The longer your trending time series, the more likely you are to find meaningless correlations that feel statistically significant.
Before basing any important business decisions on time series correlations, ask two questions:
Does the relationship hold across different time periods? Real relationships should be relatively stable, not just artifacts of one trending period.
Can you explain why changes in X would cause changes in Y? If there's no plausible mechanism, you're probably seeing trending noise.
Used correctly, time series analysis is incredibly powerful. Used incorrectly, it will lead you to restructure your business around Netflix's subscriber growth.

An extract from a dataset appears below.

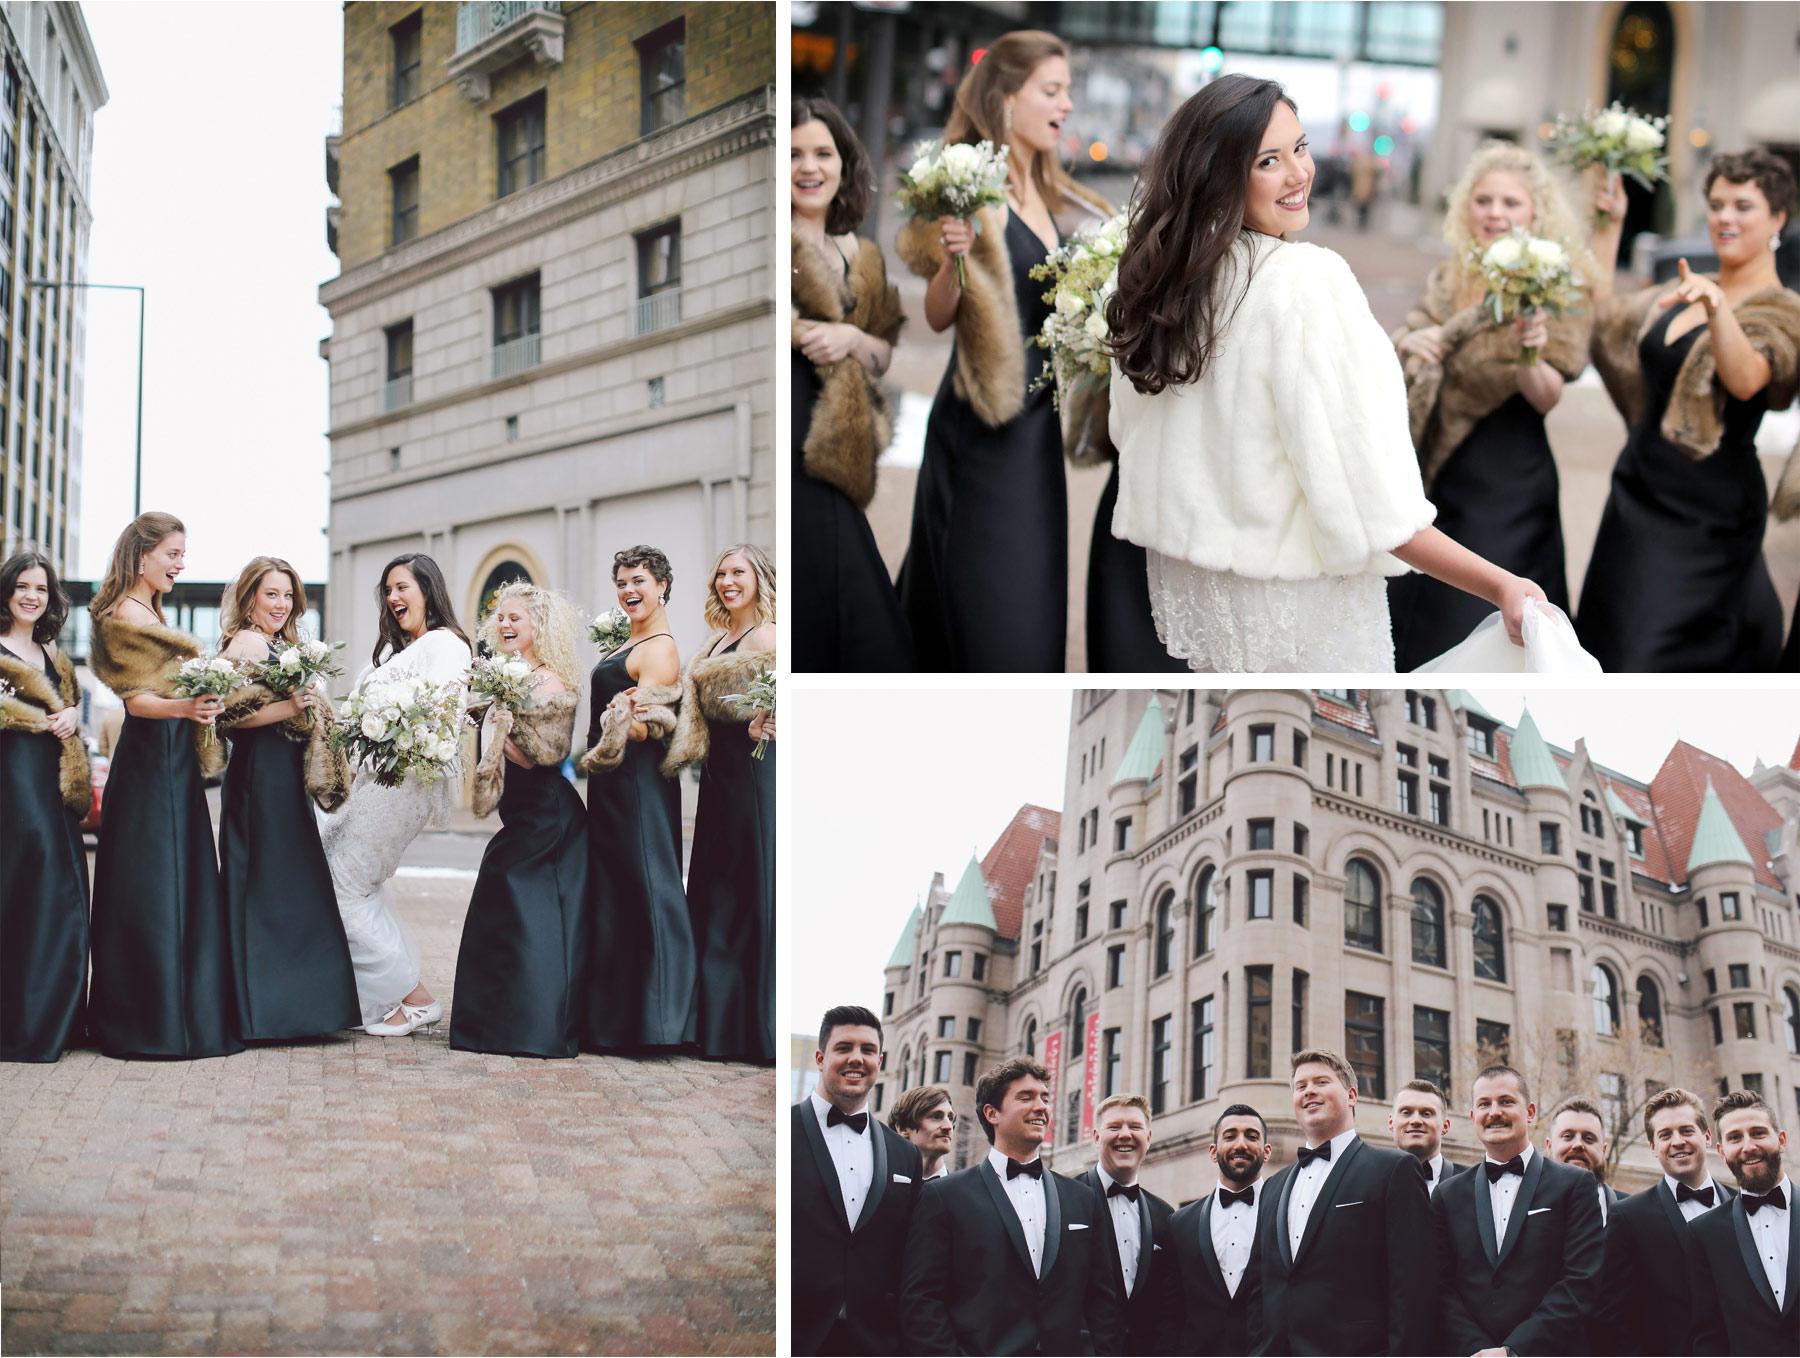 08-Saint-Paul-Minnesota-Wedding-Photography-by-Vick-Photography-Saint-Paul-Hotel-Wedding-Party-Group-Downtown-Winter-Wedding-Sami-and-Nick.jpg

This is Part 6 of our 9-part series on statistical fallacies. Subscribe below for more:
Next time: We'll examine how the simple act of cropping a chart can turn statistical molehills into mountains. I'll show you why axis truncation, the visual sleight of hand that makes 0.9% look like 900%, is the easiest way to fool both your audience and yourself, and how this deceptively simple trick amplifies the impact of every other statistical fallacy we've covered.
Catch up on the entire series:
Statistical fallacies that cost millions (and how to spot them)
Base rate blindness: how 90% accurate tests can be 90% wrong
Time series trickery: levels lie and differences tell the truth
Aside: We naively “differenced” in these examples by taking the arithmetic difference between the points. There are a bunch of other ways to difference data, like percentage differences or partial differences.
Our most astute readers will notice that while arithmetic and percentage differences solve this correlation problem, they also remove all trend information from the data. There are some differencing methods that try to straddle between these tradeoffs, like partial differencing, that you might be interested in.